* **Exercise**: Copy nothing but the text: reproduce each line of the listing exactly and leave the pictures out.

* **Data excerpt**:
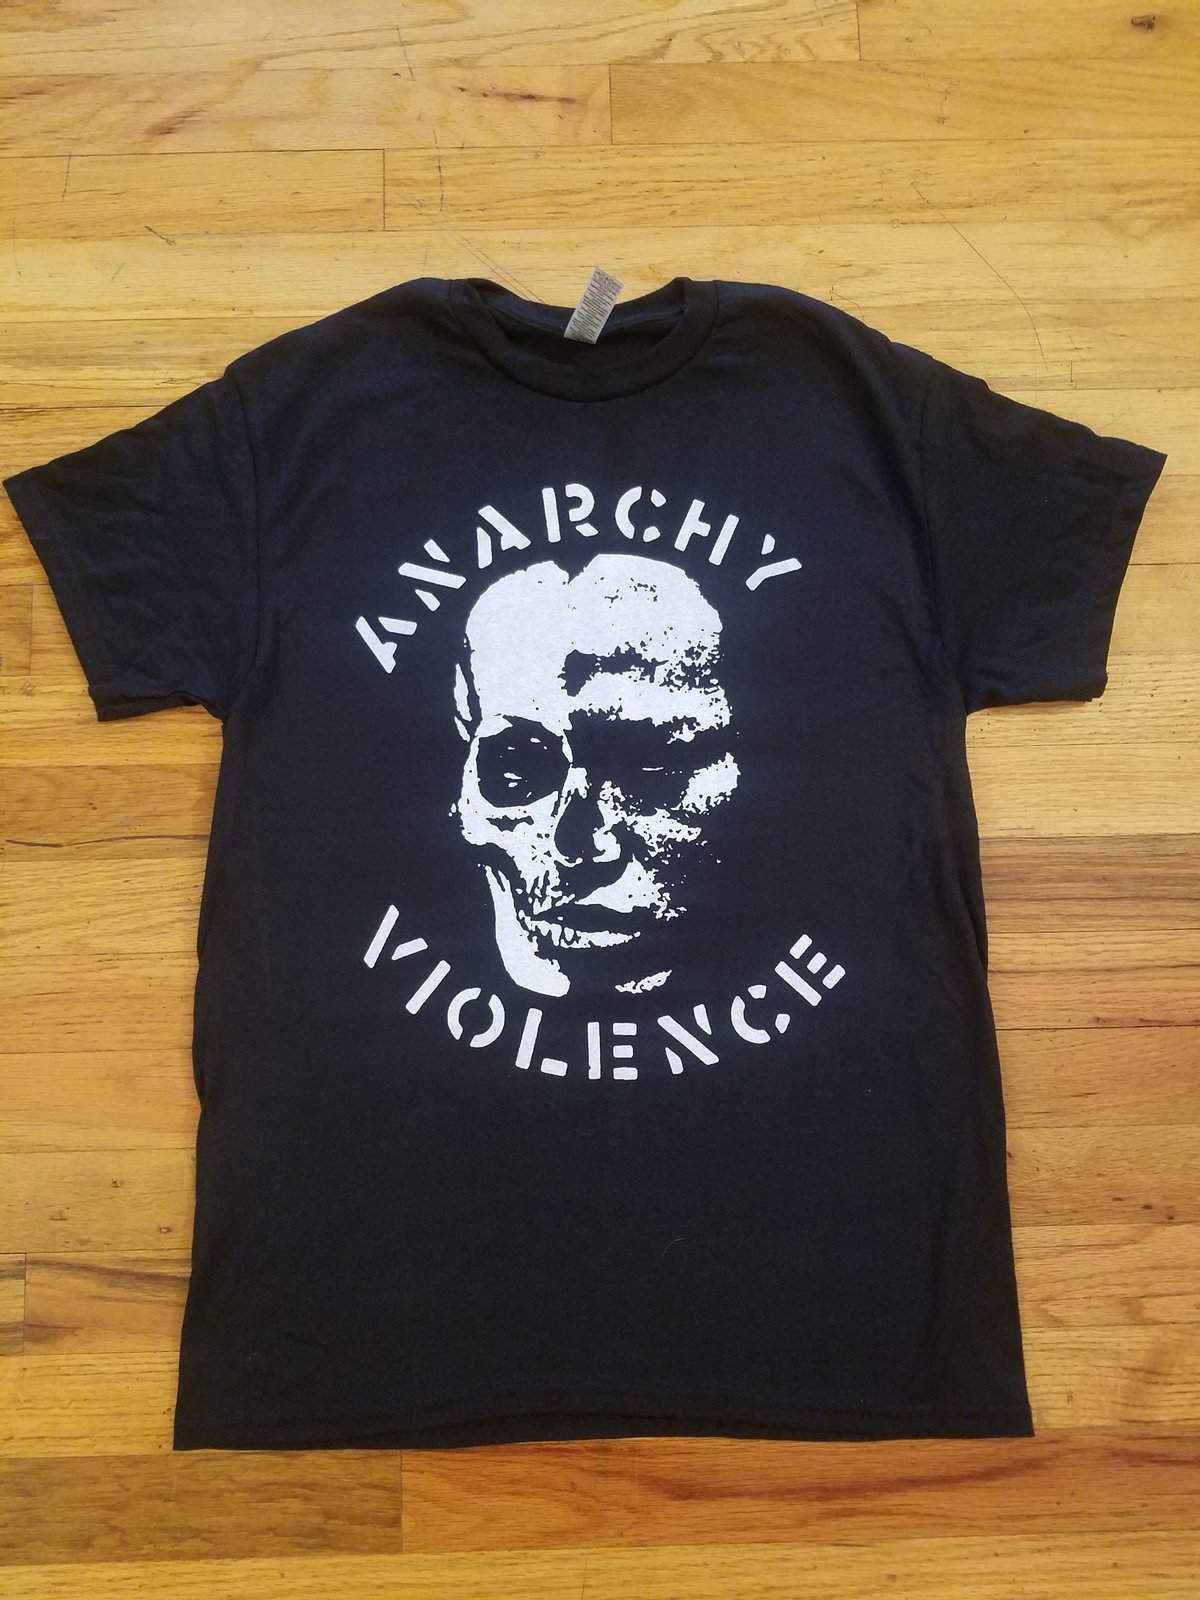 Anarchy//Violence Shirt
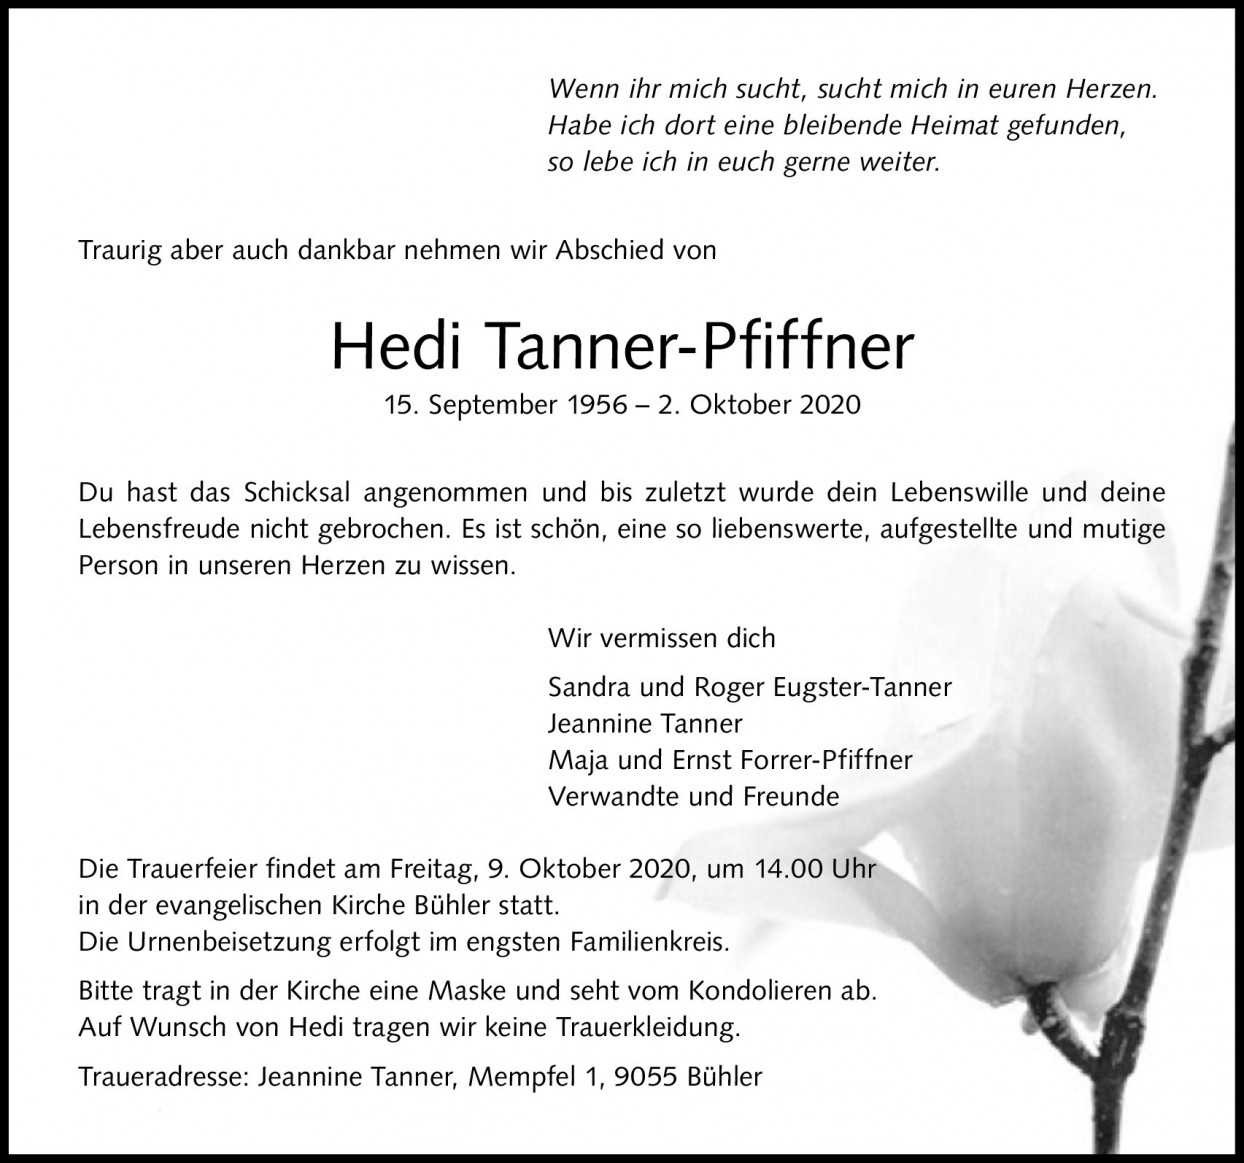 Hedi Tanner-Pfiffner
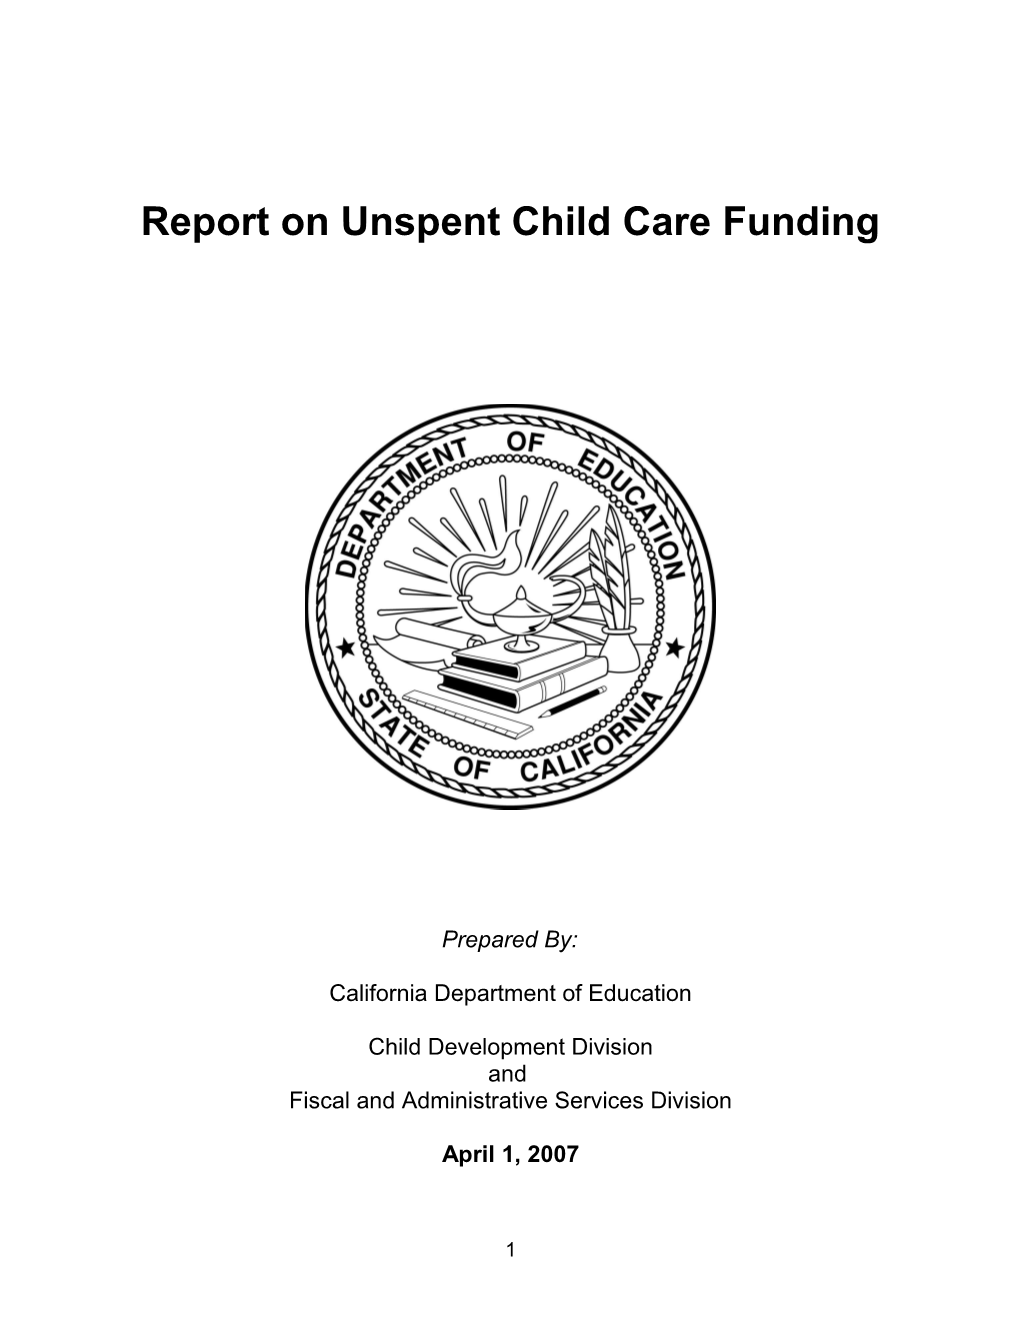 Unspent Funding 07 - Child Development (CA Dept of Education)

* **Task answer**:
 Anarchy//Violence Shirt
 Hedi Tanner-Pfiffner
 Unspent Funding 07 - Child Development (CA Dept of Education)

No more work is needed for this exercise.